Isolating the effects of floral temperature on visitation and behavior of wild bee and fly pollinators

Flower temperature impacts pollinator choice in laboratory settings and the foraging behavior of bees in natural populations. However, the direct effects of floral temperature on animal pollination in field conditions are difficult to isolate from other pollinator-perceived traits that may affect flower temperature, such as shape and color. We experimentally manipulated the temperature of model flowers while keeping insect-perceived color and floral shape constant by using infrared (IR) reflecting paint. We tested the efficacy of this method across an elevation gradient and evaluated the effect of flower temperature on pollinator visitation and behavior in populations of Argentina anserina. The cooling effect of the IR-reflecting treatment was effective in alpine populations (>3000m) but not at lower elevations (<2500m). A manipulative glasshouse experiment showed that the cooling effect of floral IR reflection was stronger under higher IR irradiance. This suggests that elevational change in solar intensity contributes to elevation-specific effects of IR reflectance on flower temperature. The impact of flower temperature on bee and fly visitation, basking, and the duration of forgaing depended strongly on air temperature. When air temperature was high (>30 degrees C), cooler flowers received more visits than warmer flowers.
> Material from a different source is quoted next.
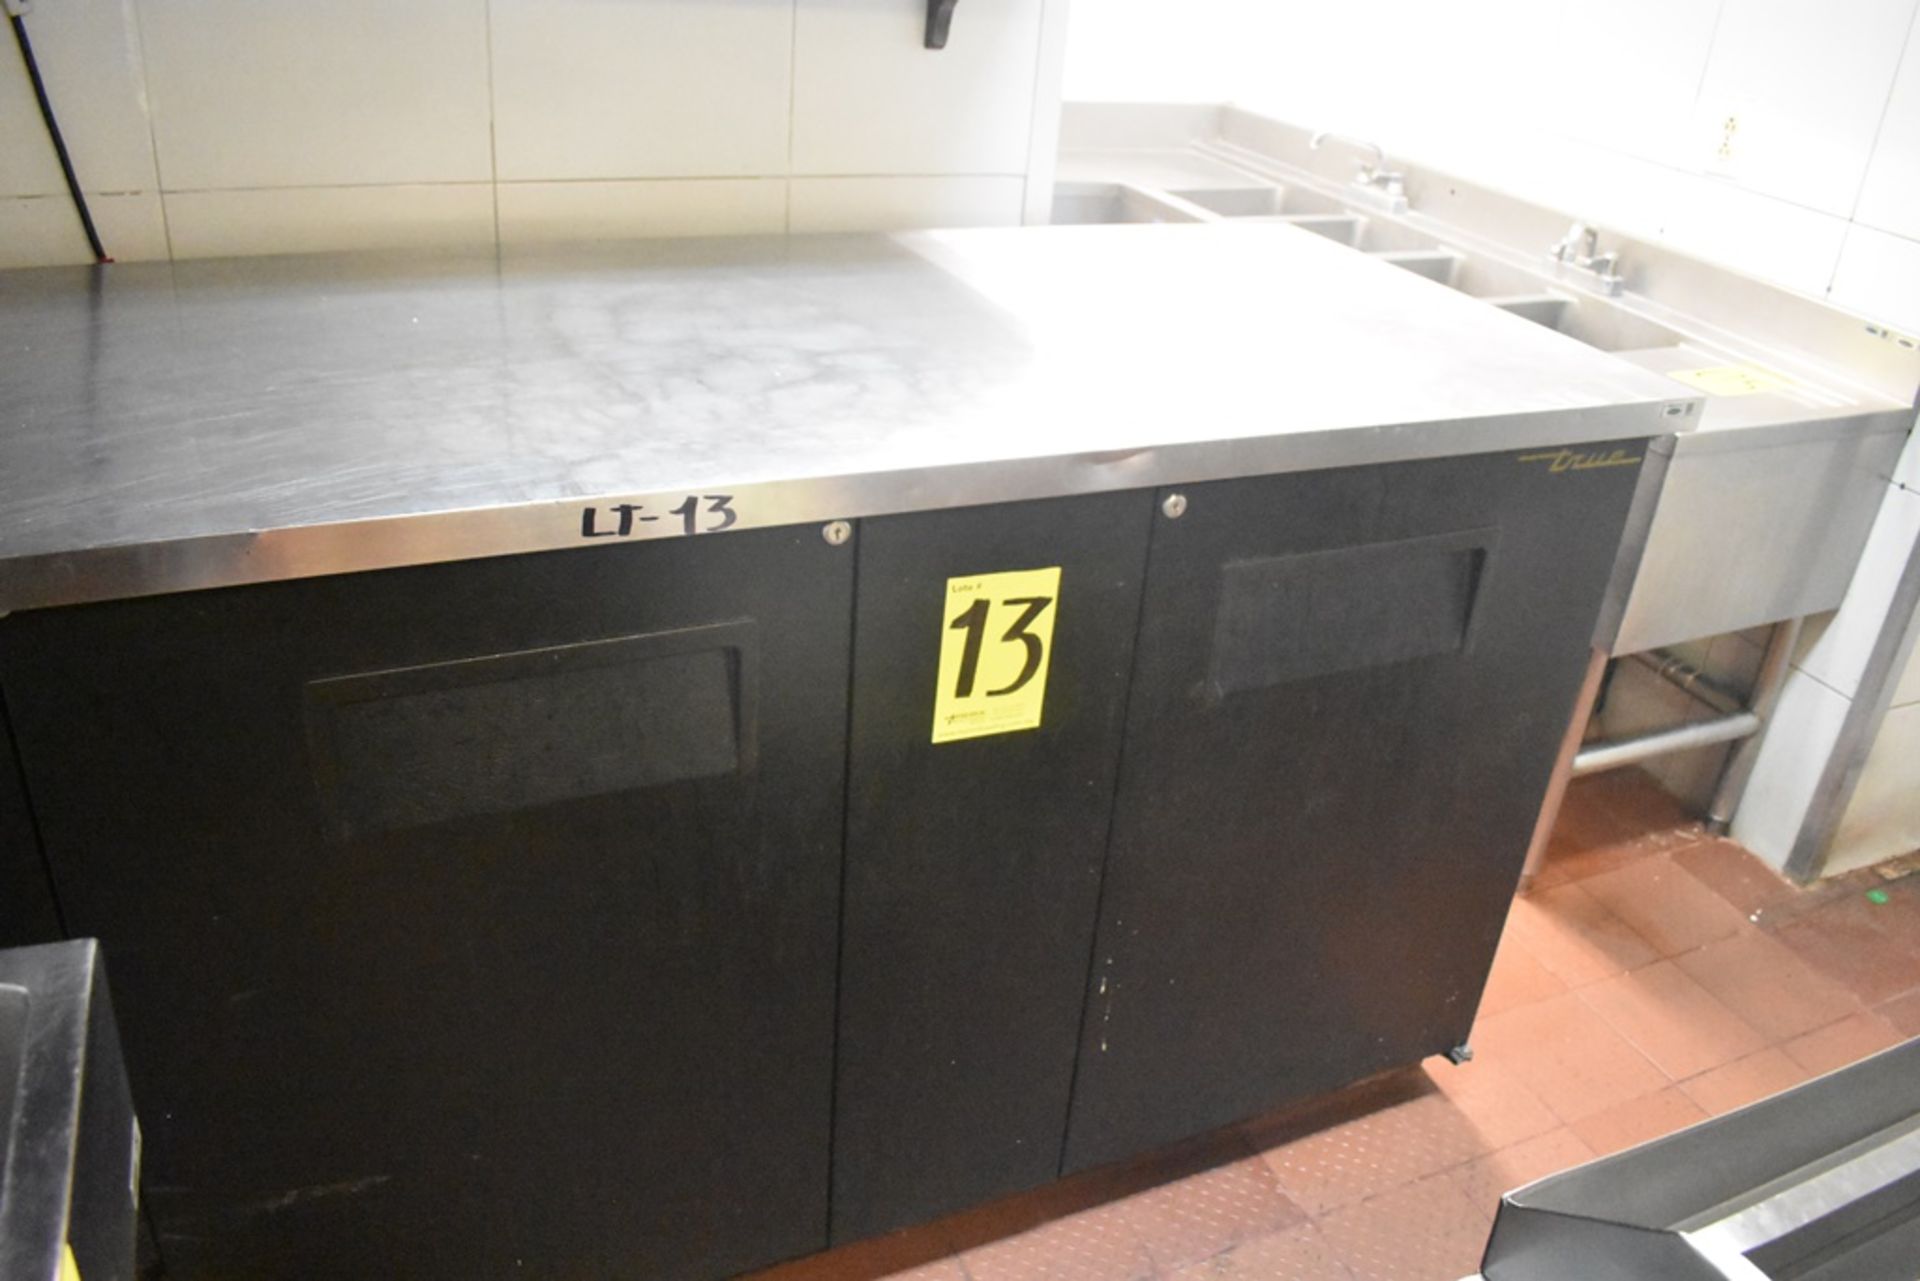 Mesa de trabajo refrigerada con cubierta en acero inoxidable marca True, modelo TBB-3, número de se - Image 10 of 20

At high elevations, flies increased the time spent in warmer flowers when air temperatures were cool. However, flies foraged longer in cooler flowers when air temperatures were warm. Flower temperature impacted the likelihood of bees basking, but not their visitation rate or foraging duration. By experimentally isolating floral temperature from other floral traits, we found direct effects of flower temperature on the visitation and behavior of wild pollinators, especially during periods of more extreme air temperatures. Thus, pollinators have the potential to exert selection on floral temperature and the traits that shape it. Our study also highlights that floral IR reflectance impacts floral temperature in a context-dependent manner, calling for more investigations into this little-studied axis of floral variation.